Another way to hijack the peace and love mode is to hijack the most beautiful people.
If the most beautiful people seek out the wealthiest people, for some reason - for example, because real estate is expensive, which brings us back to the problem of immense cities - then people more focused on the peace and love mode will have to settle for less beautiful people and less valuable properties.
Another way to sell “wind” is to sell fame.
If people in peace and love mode allow themselves to be influenced by screens displaying rare individuals, such as very beautiful people and, frequently, people attractive by the very fact of being on hard-to-reach screens, thus famous, then these people too will have to enter stressed mode to be able to “get on screens,” that is, to be part of the select group filmed by rare screens.
The peace and love mode is governed by oxytocin.
The stressed mode is governed by cortisol.
The peace and love mode is dangerous for large stressed cities, why?
Because it is extremely self-sufficient.

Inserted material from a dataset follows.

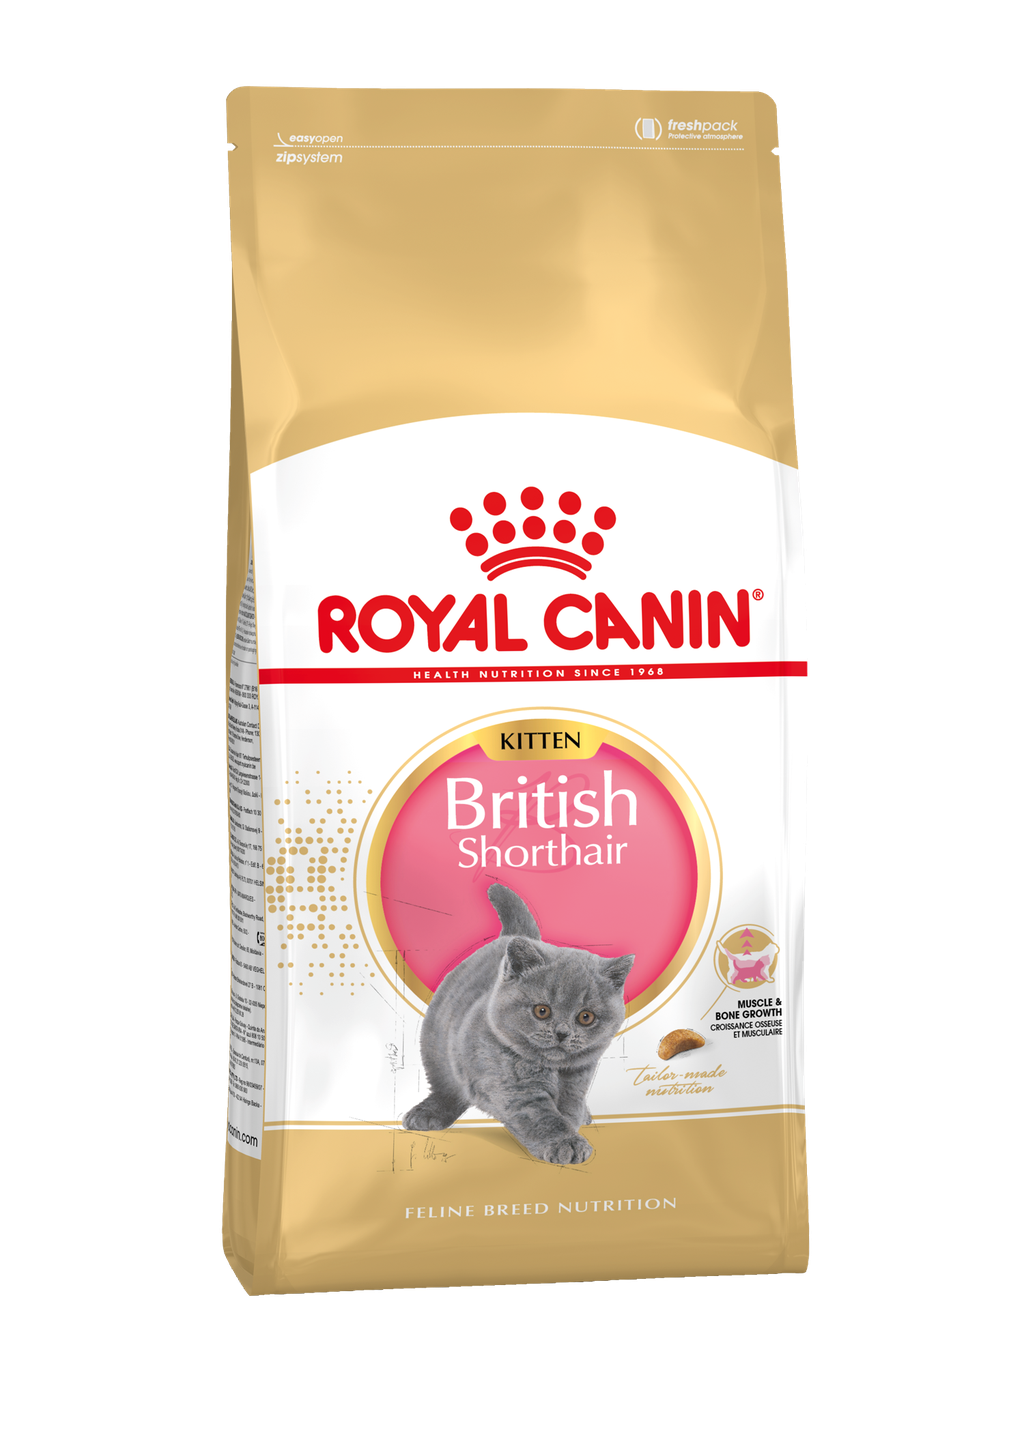 British Shorthair Kitten: aangepaste voor uw kat - Voeding - ROYAL CANIN©

In peace and love mode, everything is fine or almost fine. Including the seven-reais t-shirt, the two-reais vinegar, and tap water. We are all friends.
Only the stressed mode competes with others to see who has the most valuable t-shirt. Or the most “glamorous” water.
Only the stressed mode works stressed its entire life, fleeing the stress of bills, fleeing the stress of being just another one (with a seven-reais t-shirt and two-reais vinegar). Trying to get “there” - far from the ground, from vinegar, from tap water.
The ground “is lava” in stressed mode. The ground is pleasant in peace and love mode.
We have both modes. We use both modes. Like the philosophy of yin and yang.
We can, however, have the peace and love mode hijacked by the stressed mode, through the hijacking of our ground - literally real estate, in large cities, plus the need - artificially created? - for all of us to live in these immense cities.
They hijack our most beautiful people who sell themselves for ground, for expensive products, in exchange for their rare beauty. Leaving people who would only be in peace and love mode without the greatest beauties, who are hijacked by the stressed mode of life - on top of skyscrapers, with rare screens filming them.
Like in zombie movies, the stressed mode infects everyone it can. Whoever is not on top of skyscrapers dreams of being on one and buys this dream, thus also bitten by the stressed mode.
The stressed mode is gaining an air of normality, with its agitation, worry, almost incessant work.
The peace and love mode takes on the air of a disease. Peculiarity. Strange. Conformism?
The nonconformity of the stressed mode becomes normal.
The era of abundance that may be arriving when billions of robots and artificial intelligences work well could be a cold shower for the stressed mode.
Let's call the stressed mode yang and the peace and love mode yin.
It may be that we transform the predominance of yang into the predominance of yin.
It may be that the peace and love mode quickly replaces the predominance of the stressed mode.
If we really have these two modes - which biology indicates to us - it would be interesting to see humanity flourish with a predominance of the peace and love mode, just to compare with our current predominance, which is the predominance of the stressed mode.